Sighing at how blatantly the holy woman disregarded her criticism, Maxine shook her head. “I have other duties that I must see to soon. We shall go once more after you have rested, Champion Iness– hm?” She began, pausing as both Inessa and Lylia turned to look westward at the same time. “Is something the matter?”

“Lia, that’s…” Inessa said, trailing off as she looked to the blonde.

“Yes, he’s definitely resurrected,” Lylia confirmed, nodding in agreement.

“Resurrected? You don’t mean to say Demon Monarch Sturmblut Nachtkrieger has returned so quickly, do you?” The redhead asked, more in disbelief than worry, as she looked to the west as well. “That’s impossible. It hasn’t even been–”

Before Maxine could finish her sentence, Inessa and Lylia had already manifested and equipped their Divine Artifacts. Inessa, adorned in golden armor and wielding a sword and shield of radiant holy light; Lylia in her white and gold robes with the regal staff, gold-leafed laurel, and a scarf of white and gold divine silk flowing around her. Unflinchingly, they both took a few steps in the direction of the menacing presence they sensed.

“Sorry, Maxine. Duty calls.” Inessa said, looking back over her shoulder with a wink. “Could you contact the Council for us?”

“Of course,” Maxine said, placing her right hand over her chest and crossing the left over her stomach as she bowed to the two.

Inessa and Lylia looked to each other and nodded, and in unison said, “Use: Teleport.”

With a bright flash of light, the two vanished.

*****

Arriving at their destination as flashily as they had departed the barracks, Inessa and Lylia stood in the familiar ruins of what might have been a castle long, long ago. Most of the structure had collapsed, with only a few walls standing that marked the perimeter of what used to be a large room, with the rubble of the ceiling having long since crumbled to dust. The dark, swirling clouds in the sky above carried a faint tinge of the malignance that fested in the ground below them. The wrongness, the Corruption in the air that seemed to suck the moisture from their throats and sap the heat from their bones, weighed on them like sandbags on their chest. However, with the protections of their holy artifacts, they felt no discomfort.

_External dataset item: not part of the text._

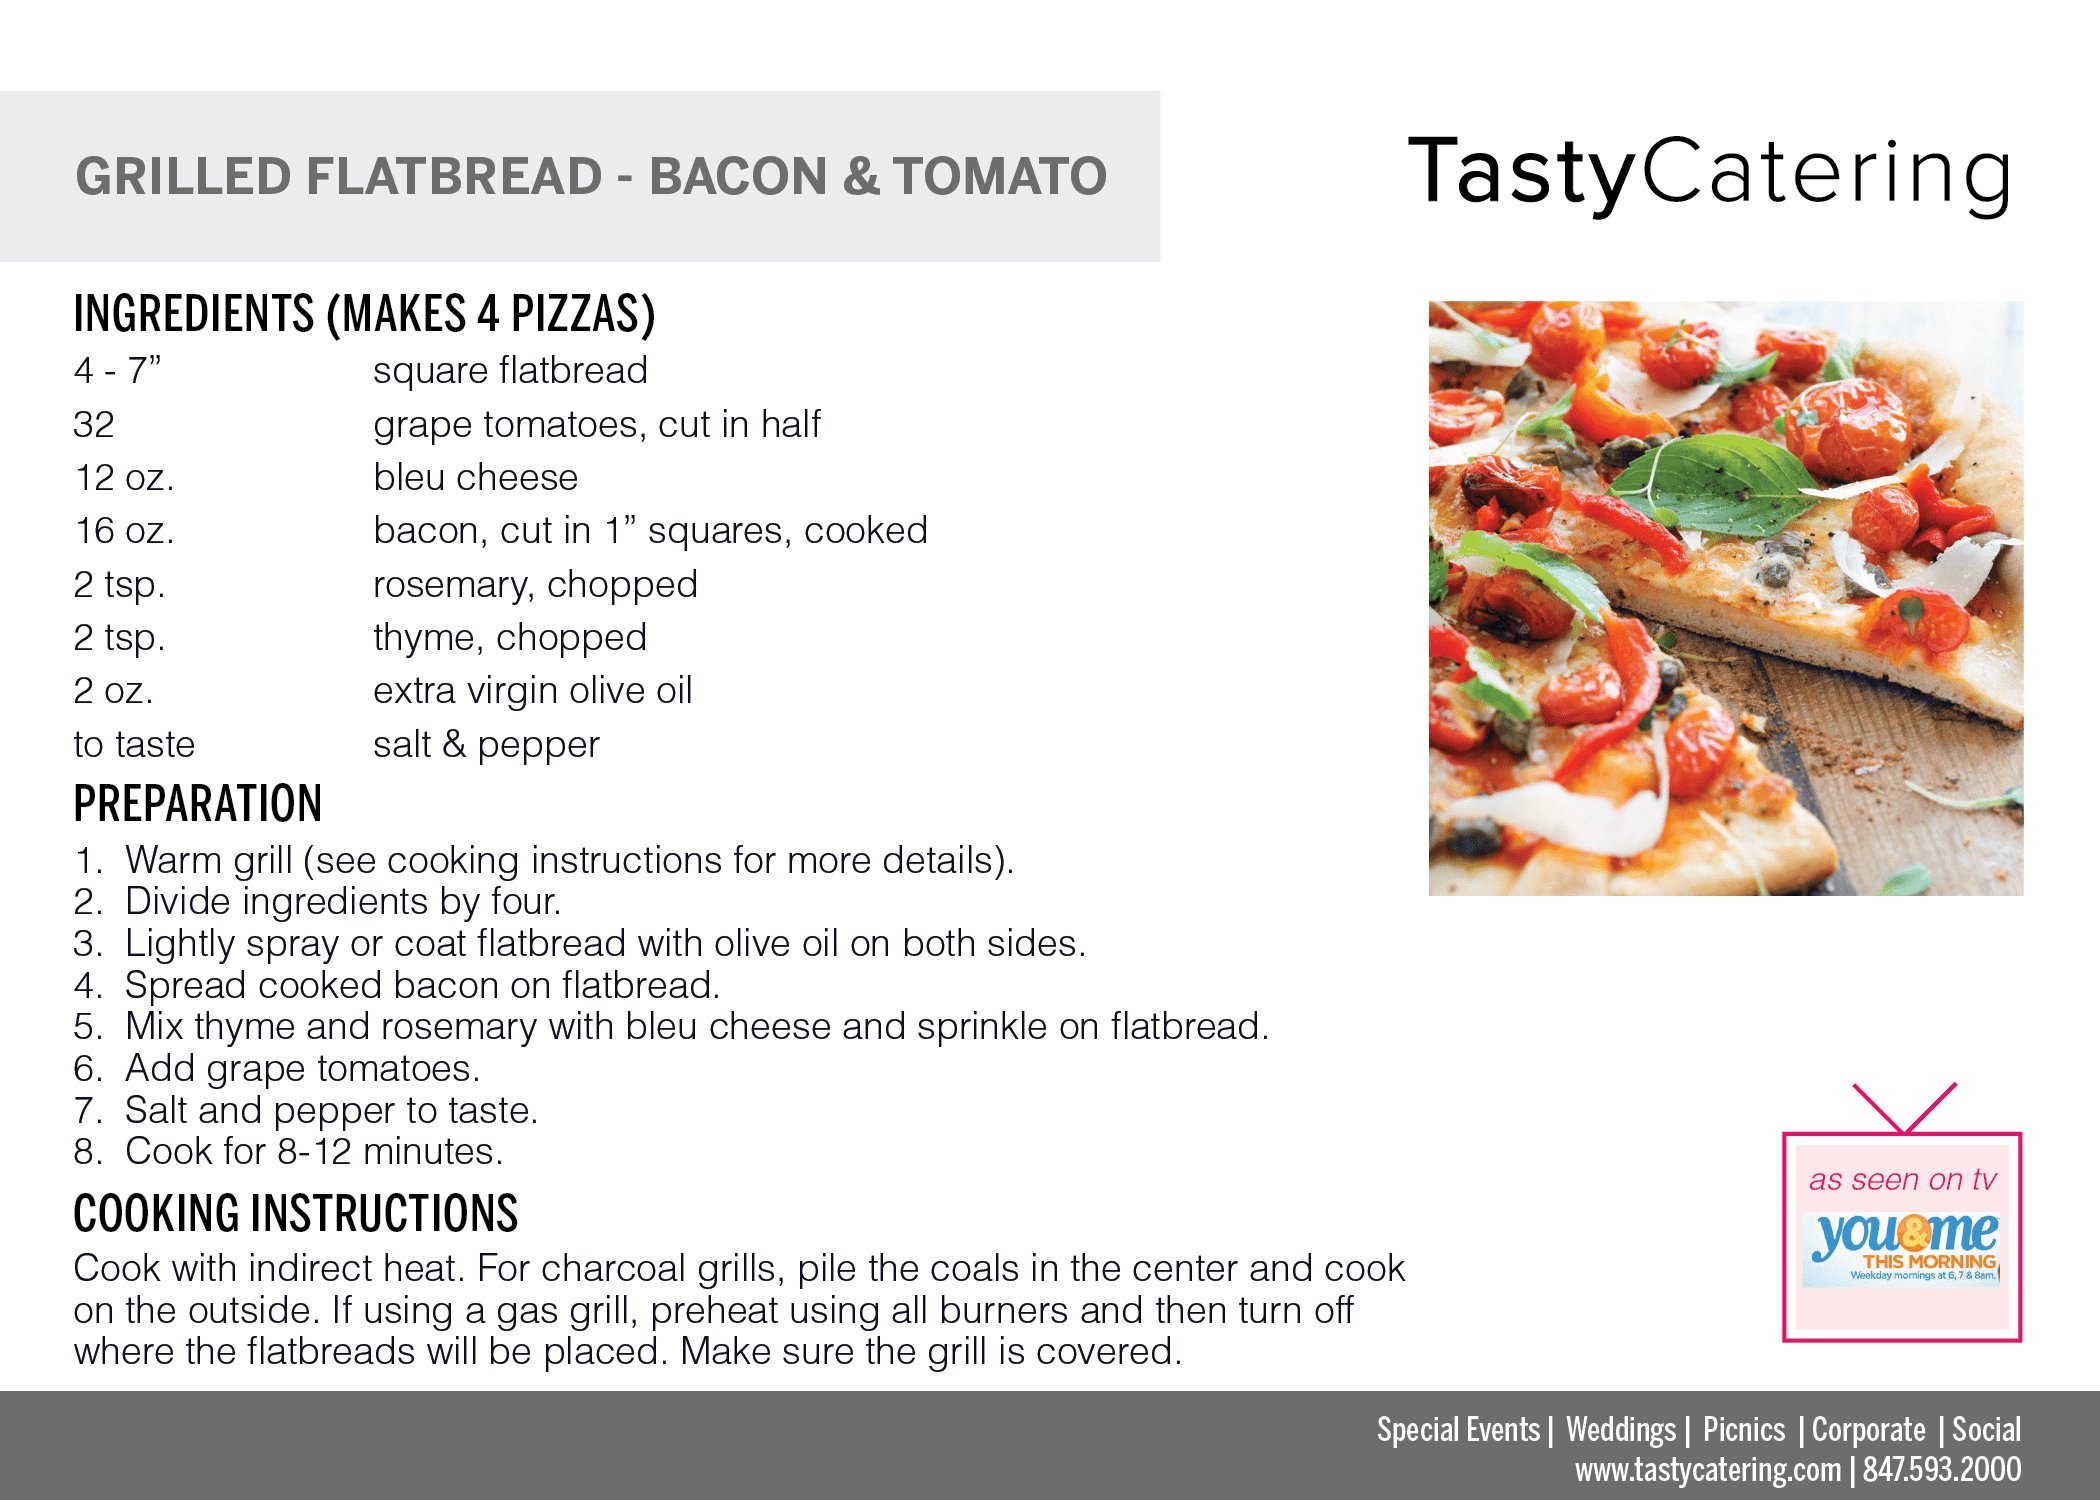 Flat Bread(tomato and bacon) Recipe Card - You & Me-01

Instead, they could focus on fulfilling their duty as the Champion and Saintess of their country and confront the towering figure before them. Ignoring the smaller creatures that scurried away into the shadows, their attention was on the humanoid in the center of the room.

A large suit of obsidian metal armor that would tower over even the tallest human stared at them with glowing, dark purple pits of light that shone with a menace of Corruption from behind its visored helmet. There was no cloth or flesh visible between the joints of the battle-scarred, thick plates of armor, just utter darkness that no light could escape. And the cape of ever-shifting, ephemeral shadow seemed to suck in the light and distort reality around it.

The scourge of the land, the ruler of all the Corrupted and evil creatures, the enemy of the Pure, unblessed by the Goddess Lini, the Demon Monarch had returned from the dead to spread misery and ruin once more.

And not a soul in all the world but those chosen by the Divine Artifacts could stand against such a foe, no matter how hard they trained.